• _Task directions_
Restate the listing below word for word. No picture belongs in the result.

• _Collected material_

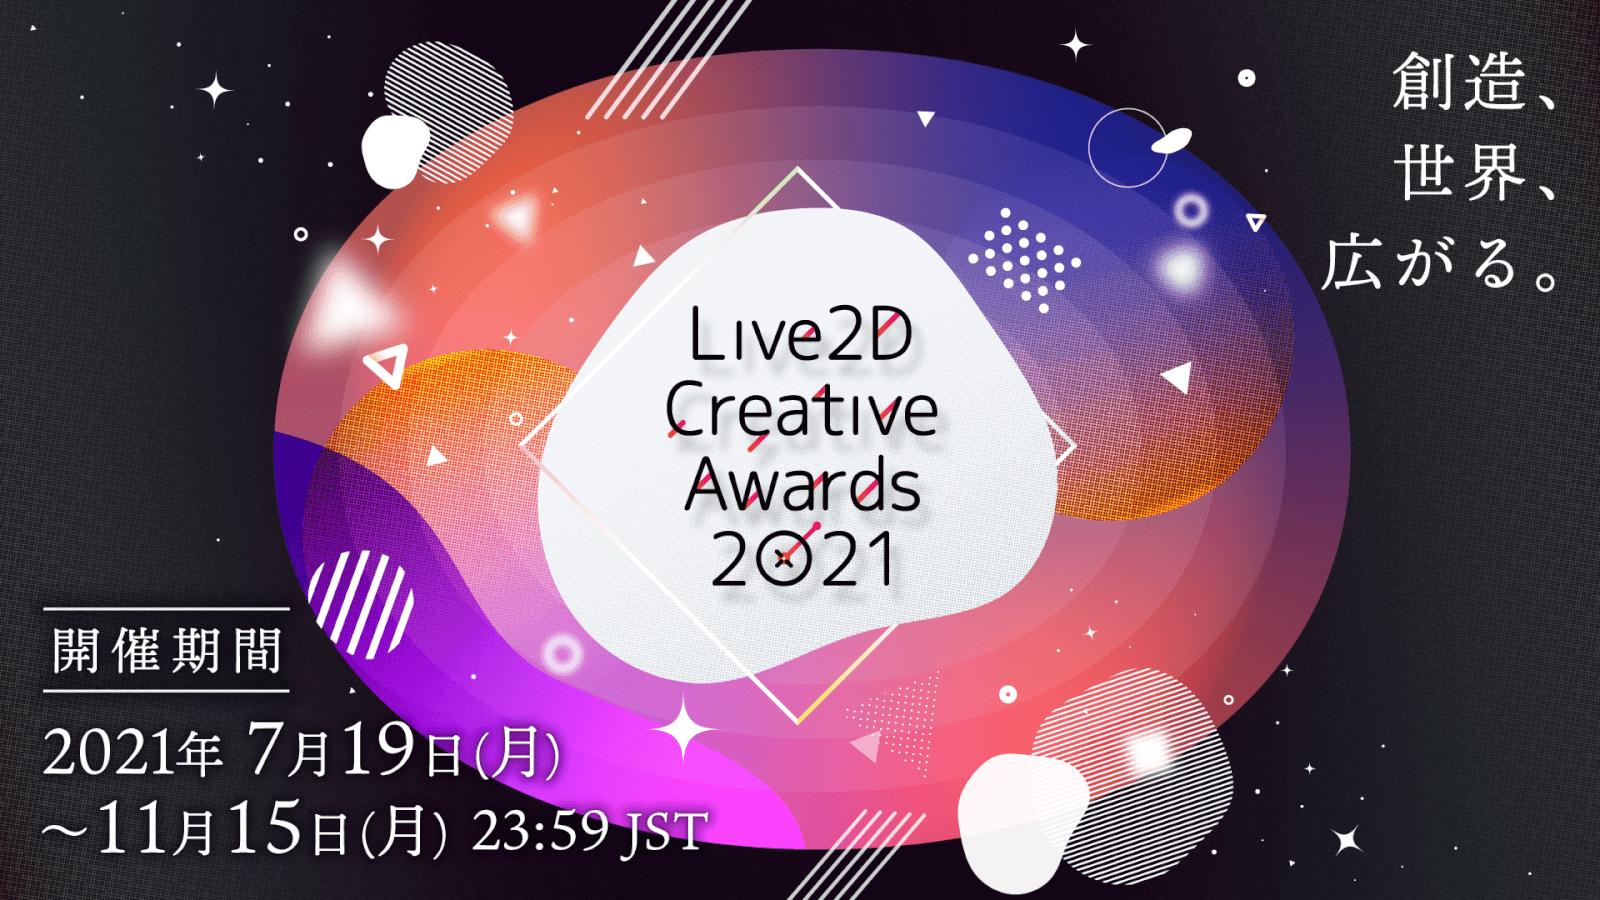 Live2D Creative Awards 2021
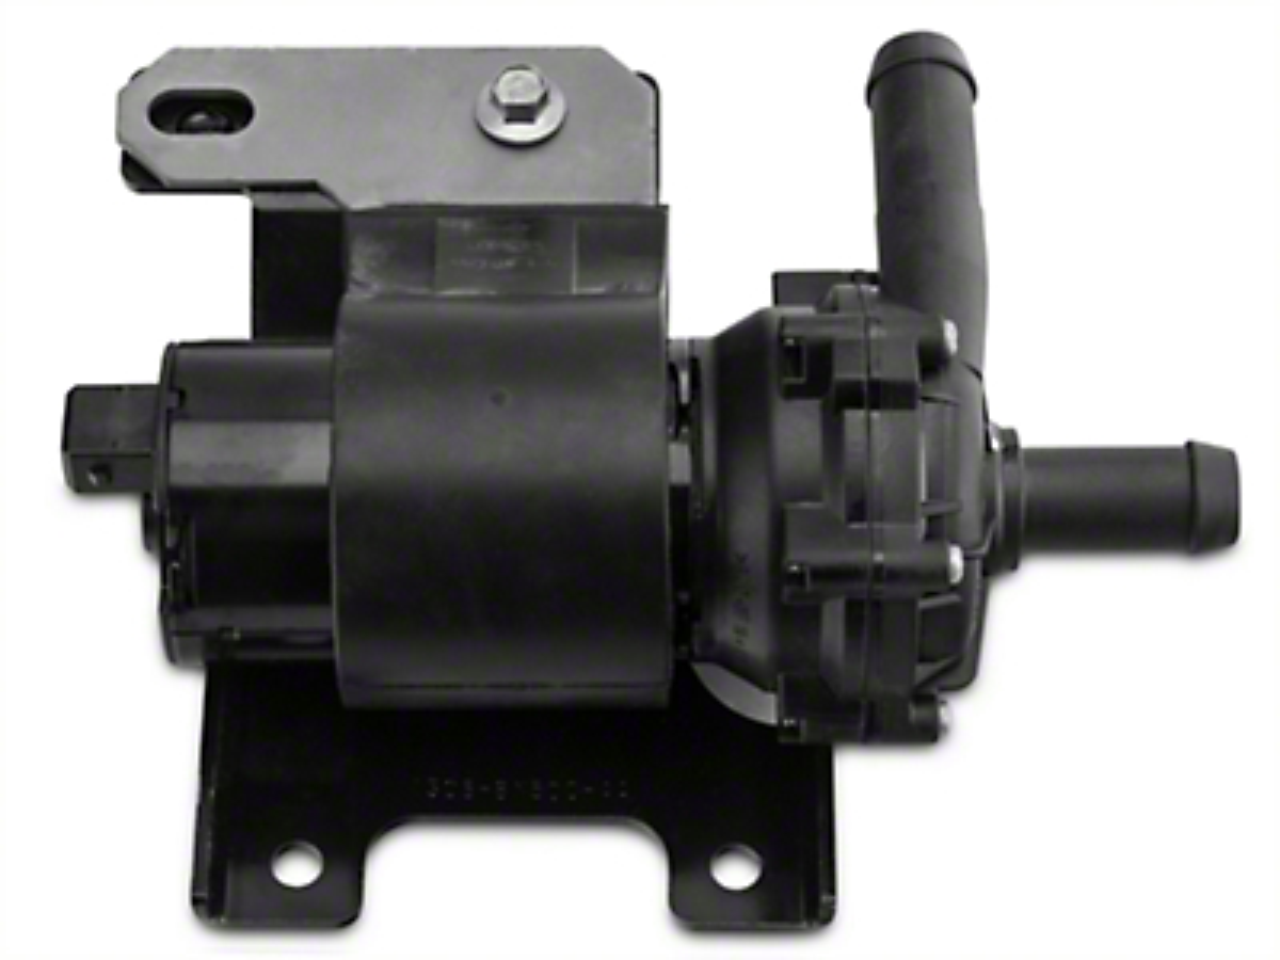 Roush Intercooler Pump w/ Bracket (04-08 5.4L)
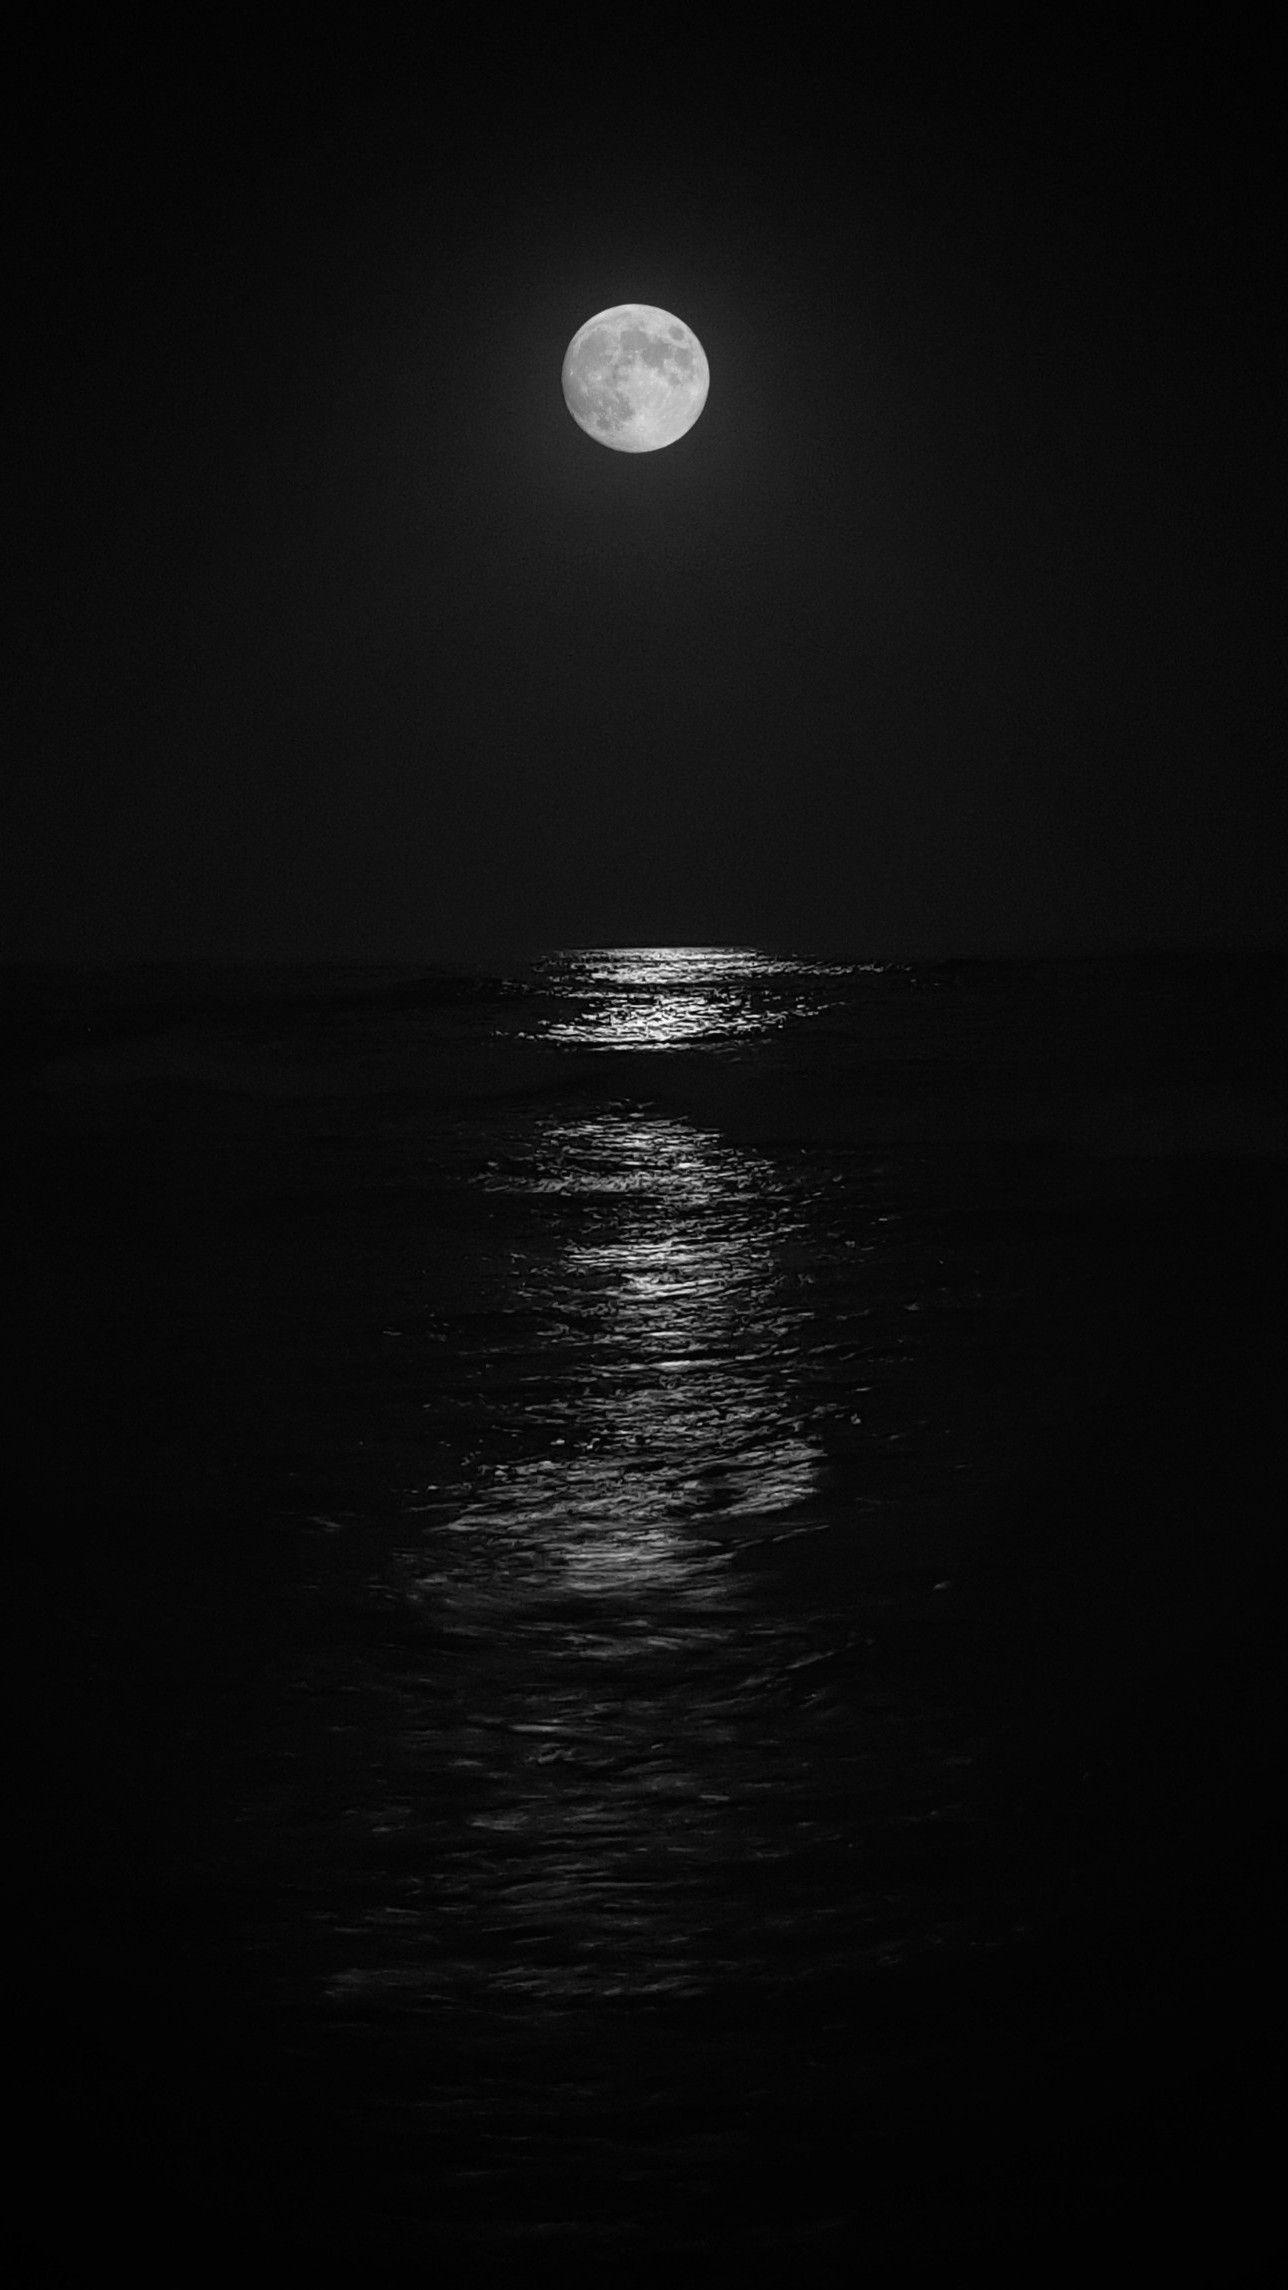 Moonlight Reflection On The Seawater إنعكاس ضوء القمر على مياه البحر Instagram Photo And Video Instagram Photo
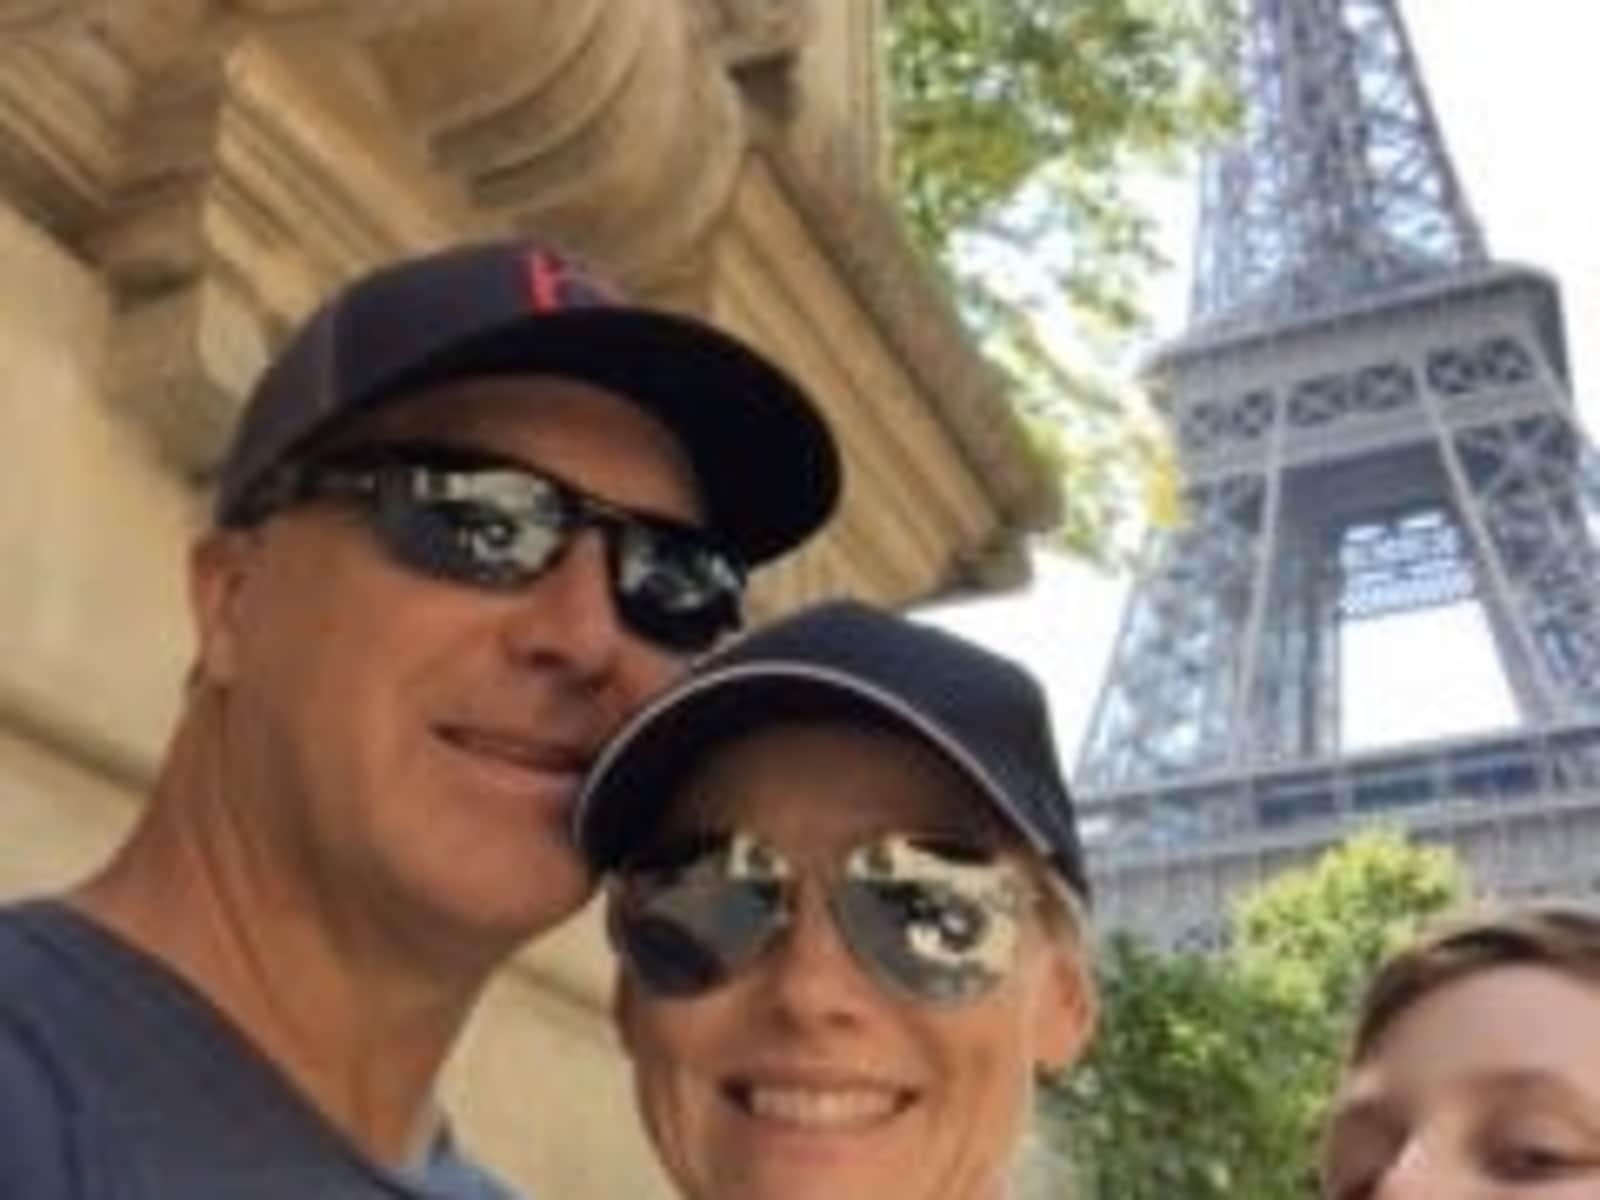 Ian & Gina from Rocklin, California, United States

• _Answer below_
 Live2D Creative Awards 2021
 Roush Intercooler Pump w/ Bracket (04-08 5.4L)
 Moonlight Reflection On The Seawater إنعكاس ضوء القمر على مياه البحر Instagram Photo And Video Instagram Photo
 Ian & Gina from Rocklin, California, United States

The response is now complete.